* THE STIMULUS PROGRESSION *
> audc >
AUDC’s “the Stimulus Progression” explores
the creation of a culture of horizontality by General George Owen Squier, the
Muzak Corporation, aviation, and modern telecommunications. The location of
the Gardenlab Experiment within the former Southern California Cooperative Wind
Tunnel recalls that Squier’s invention of both multiplexy – the
ability to transmit more than one signal over a wire and the basic foundation
of modern telecommunications – and Muzak, the canned music that manipulated
our emotions while masking background sounds, took place in the context of aviation.
While serving as the Chief Signal Officer of the Army Signal Corps Squier became
interested in the experiments of the Wright brothers. After riding as the first
passenger in an airplane in 1908, Squier set up the Air Service, a forerunner
of today’s Air Force.
The Stimulus Progression is an investigation into how these forces link together
to reshape our environment. Beginning from these sources, AUDC will construct
an interactive installation composed of models, drawings, new media and sound
installations to cultivate an ecosystem of media.
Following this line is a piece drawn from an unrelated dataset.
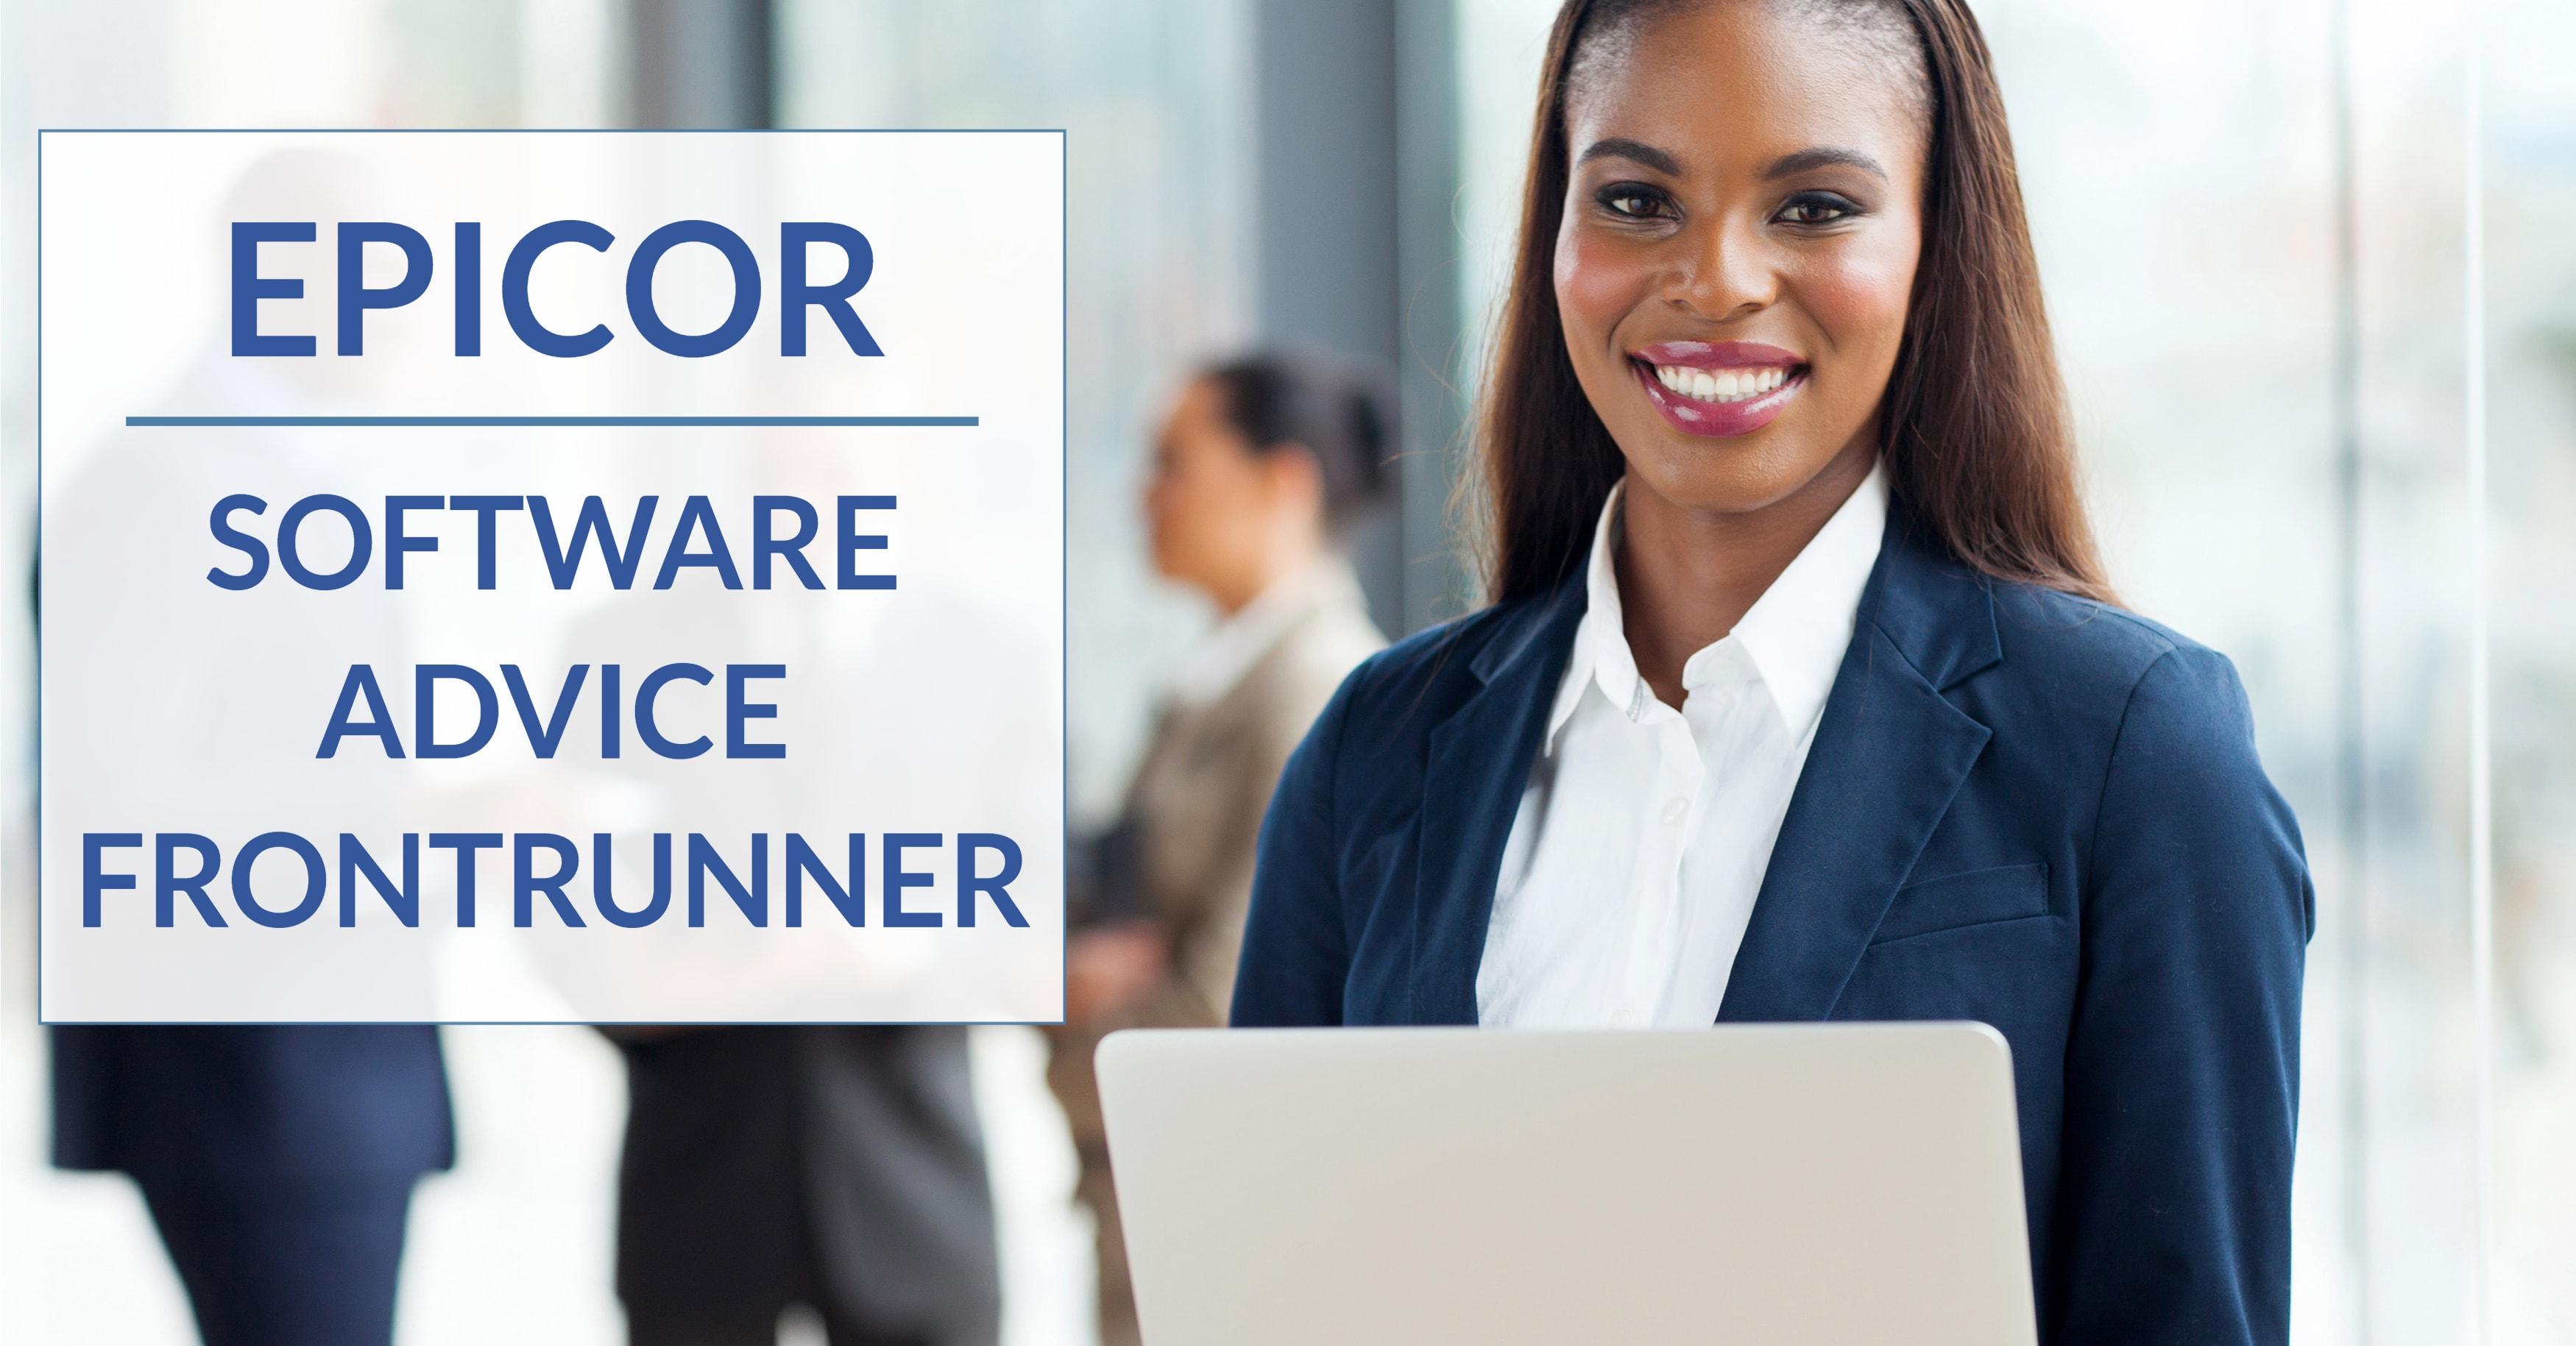 Epicor ERP Frontrunner

AUDC was formed by Robert Sumrell [Woodbury University] and Kazys Varnelis [SCI-Arc] in 2001 as a nonprofit collective that works between, and beyond, both architectural design, historical research, and information design. AUDC's goal is to speculatively investigate the contemporary city using the tools of the architect, the historian, and the designer. AUDC blurs traditional divisions between media by working simultaneously in print, web, video, photography, drawings, models, dioramas, and installations while addressing the particularities of each medium. Likewise, AUDC breaks down the boundaries between theory and practice by uniting both scholarship and creative work.
> bios >
robert sumrell graduated with distinction from the Southern California Institute of Architecture's Master's of Architecture program. Robert Sumrell teaches in the architecture program at Woodbury University. His thesis, which forms the basis of the Superbrutalism project, received the school's award for best thesis. Robert's research focuses on how architecture can help articulate the individual in mass-produced society. Robert is a scholar of the 1960s Italian anti-design movement as well as 1980s furniture by Memphis. He is also interested in sustainable design, sprawl, and theology.
kazys varnelis has a doctorate in the History of Architecture and Urbanism from Cornell University and teaches in the Southern California Institute of Architecture's history-theory faculty. Kazys's research spans the history of cities, the influence of telecommunications on urbanity, nature and ecology, and late modern architecture. His web site, varnelis.net contains more information and samples of his scholarly work.